Document Number:	N4032
Date:	2014-05-23
Author:	Anthony Williams Just Software Solutions Ltd

N4032: Comments on continuations and executors

Having implemented the concurrency extensions from D3904 from the Issaquah wiki, it is apparent that there are several aspects of the specification which are incomplete, and others which I find undesirable.

This paper attempts to enumerate those aspects, and proposes fixes and suggestions.

Executors

Abstract class vs concept

While I can understand the need for a concrete executor type that can be passed around, so functions that require executors do not have to be templates, there are various downsides to consider too:

The use of virtual functions constrains the interface, and prevents executors from returning anything from the add function (such as a task handle).
The use of virtual functions forces the use of std::function to wrap all the tasks. This prevents the use of move-only function objects such as std::packaged_task.

If we instead had an exector concept then we could allow implementations that handled these scenarios.
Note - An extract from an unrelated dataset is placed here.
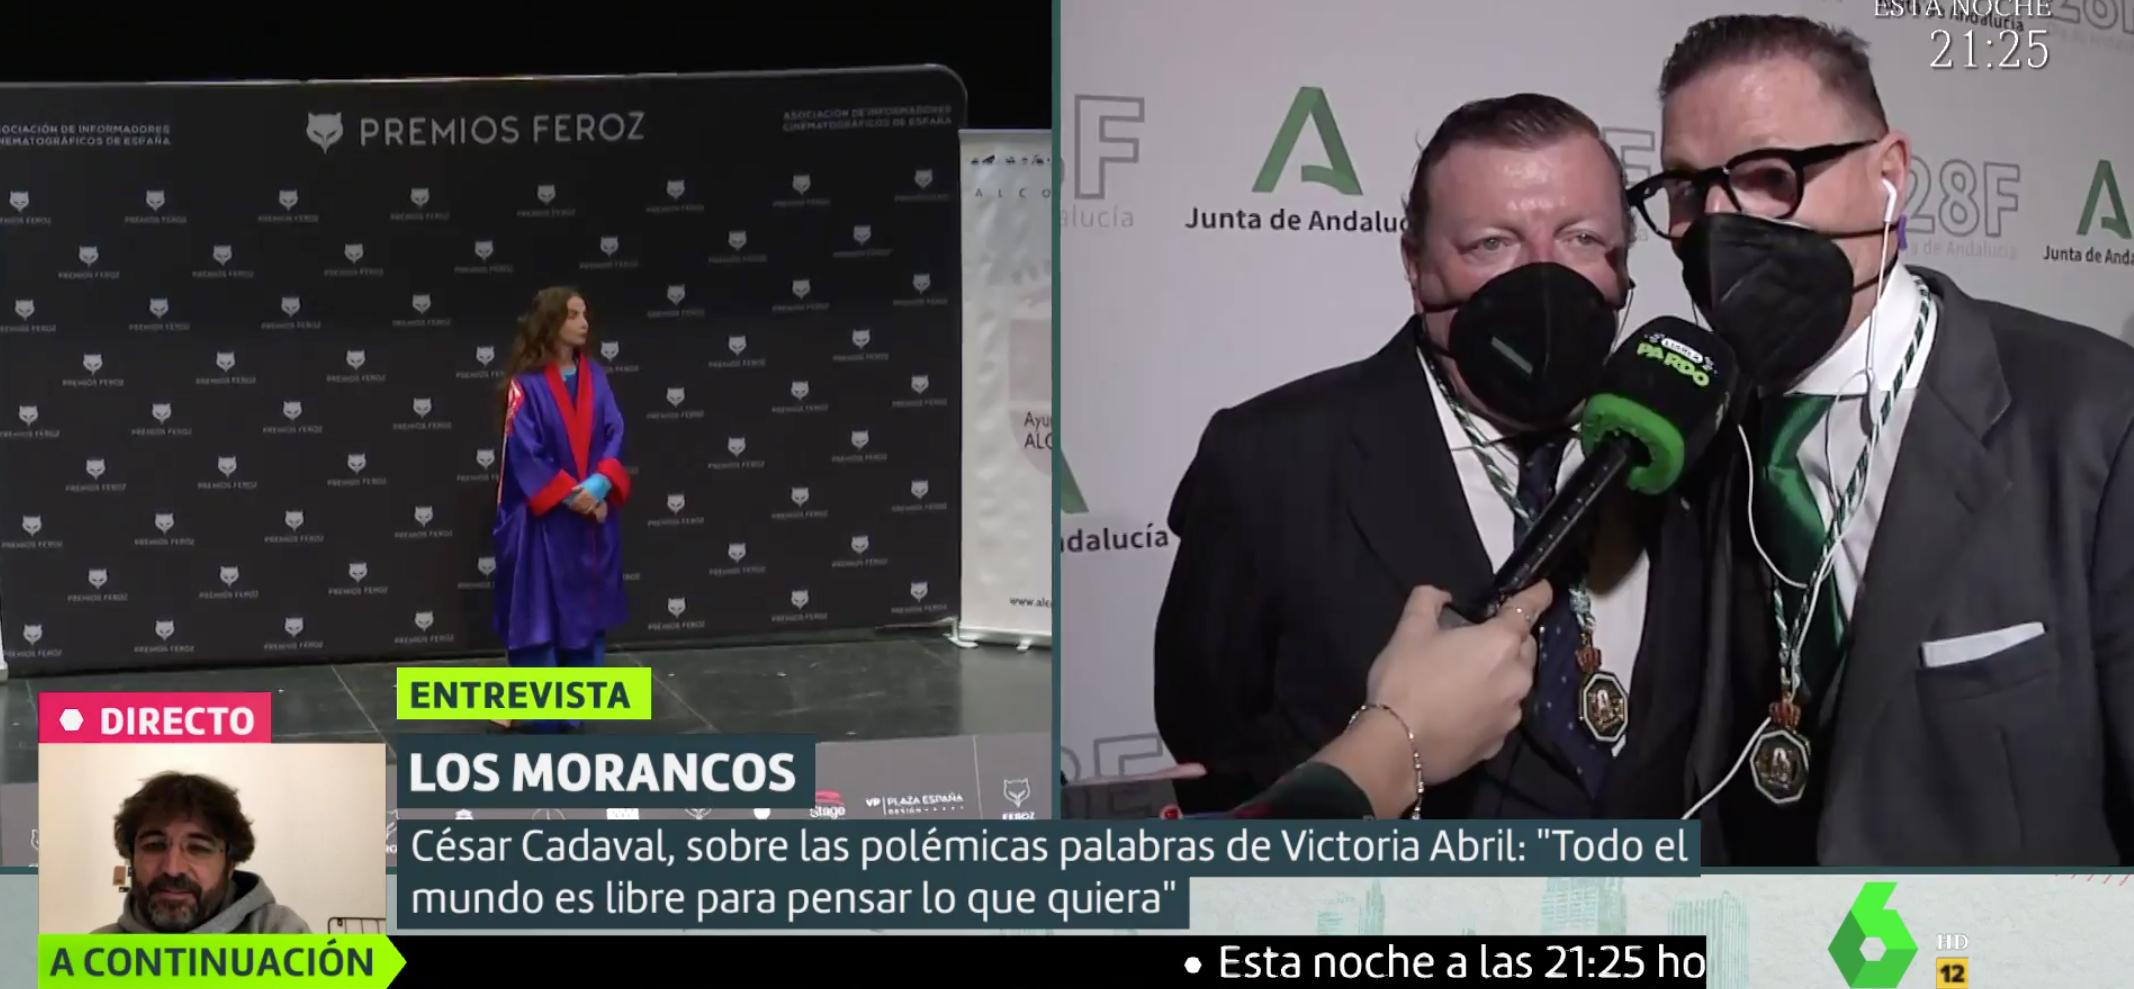 Los Morancos opinen sobre el negacionisme de Victoria Abril - La Sexta

We could also provide a type-erased generic_executor_ref which wrapped an underlying executor in a concrete type.

Uses that are already templates, such as std::async could now take the executor type directly as a reference, avoiding the need for virtual function calls, and potentially avoiding the use of a std::function wrapper as well.

If we had a movable_function template equivalent to std::function that only required that the target was movable rather than copyable, then this would be preferable to std::function for passing tasks around.

Scheduled Executors

The use of std::chrono::system_clock for the timeouts is odd: std::chrono::steady_clock should be the natural choice. However the use of timestamps for scheduling is very simplistic, and probably meets very few real use cases. Again, the use of an abstract base class and virtual functions is constraining, and prevents the use of varied scheduling functions for different scenarios.
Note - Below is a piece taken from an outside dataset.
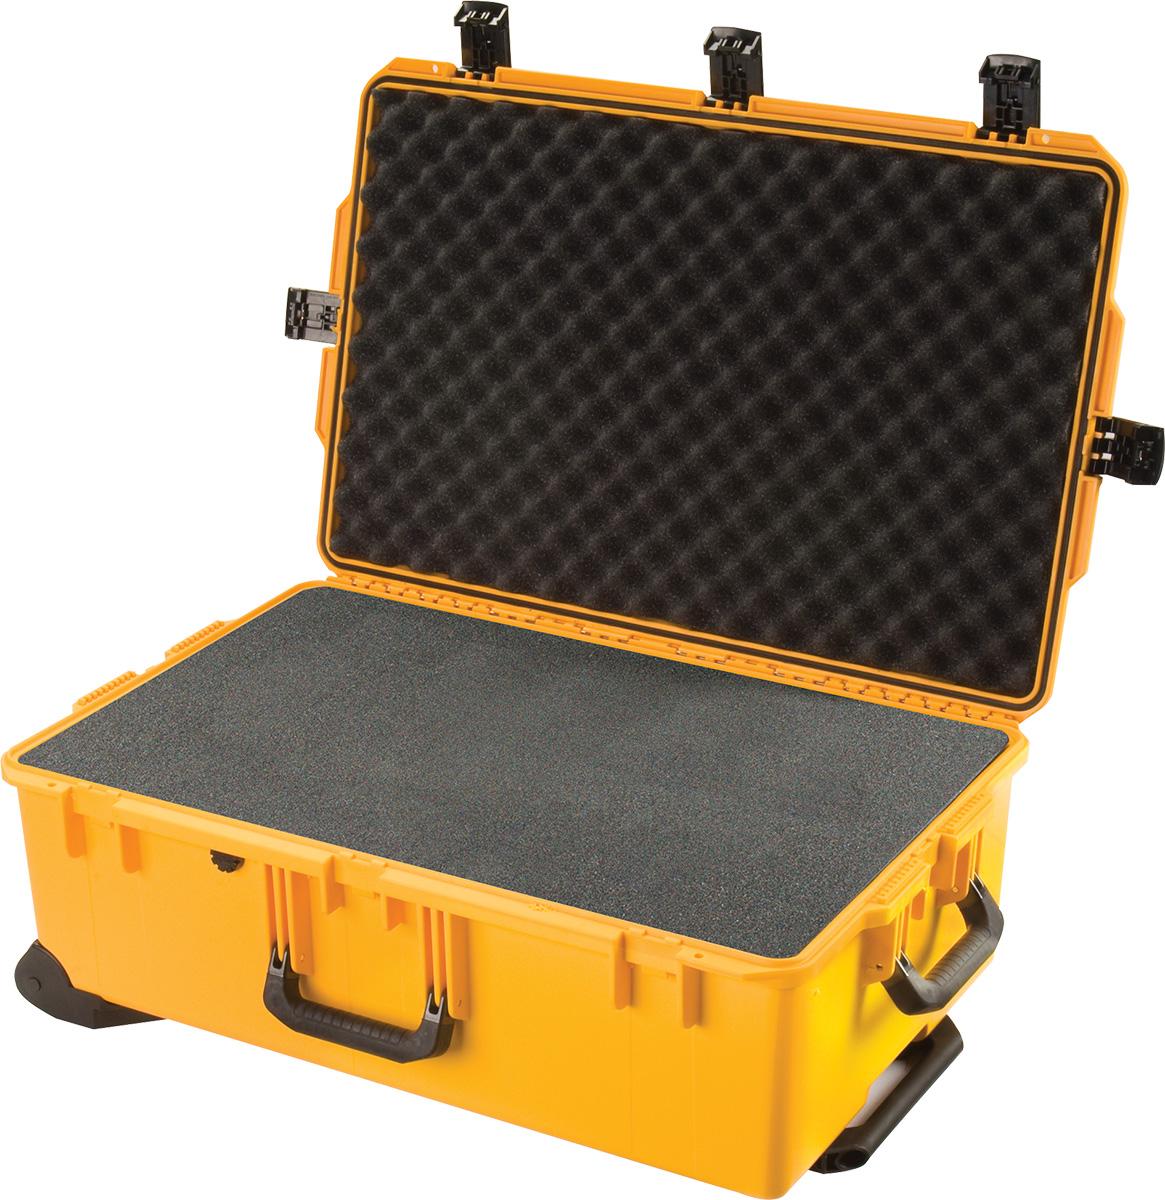 pelican im2950 waterproof case

My recommendation is to remove the scheduled_executor class entirely.

Concrete Executors

The list of concrete executors is limited, but workable. Those executors that have an underlying executor should return it via a generic_executor_ref rather than an executor*, to maintain the concrete interface whilst allowing flexibility in the type of the underlying executor.

One additional executor type that would be nice to have is a multiplexing executor that takes a set of underlying executors, and shares the tasks out between them. This and the loop_executor would provide basic building blocks for a thread pool.

The descriptions of the concrete executors are insufficiently detailed when it comes to the scheduling properties. We need wording to specify when the tasks are destructed, and any synchronization relationships. For those executors that use multiple threads we need to specify additional details about which threads the tasks are run on.

Enhancements to Futures

Executors and `std::async`

Rather than taking a reference to the executor base class, the overloads of std::async should instead just take a reference to anything that implements the Executor requirements. This will require careful wording of the form "shall only partipate in overload resolution if..." for the various overloads to avoid ambiguity.

Executors and `then()`

Rather than taking a reference to the executor base class, the overloads of then() should instead just take a reference to anything that implements the Executor requirements. Since then() only takes a nullary callable, and not an argument set, this is unambiguous.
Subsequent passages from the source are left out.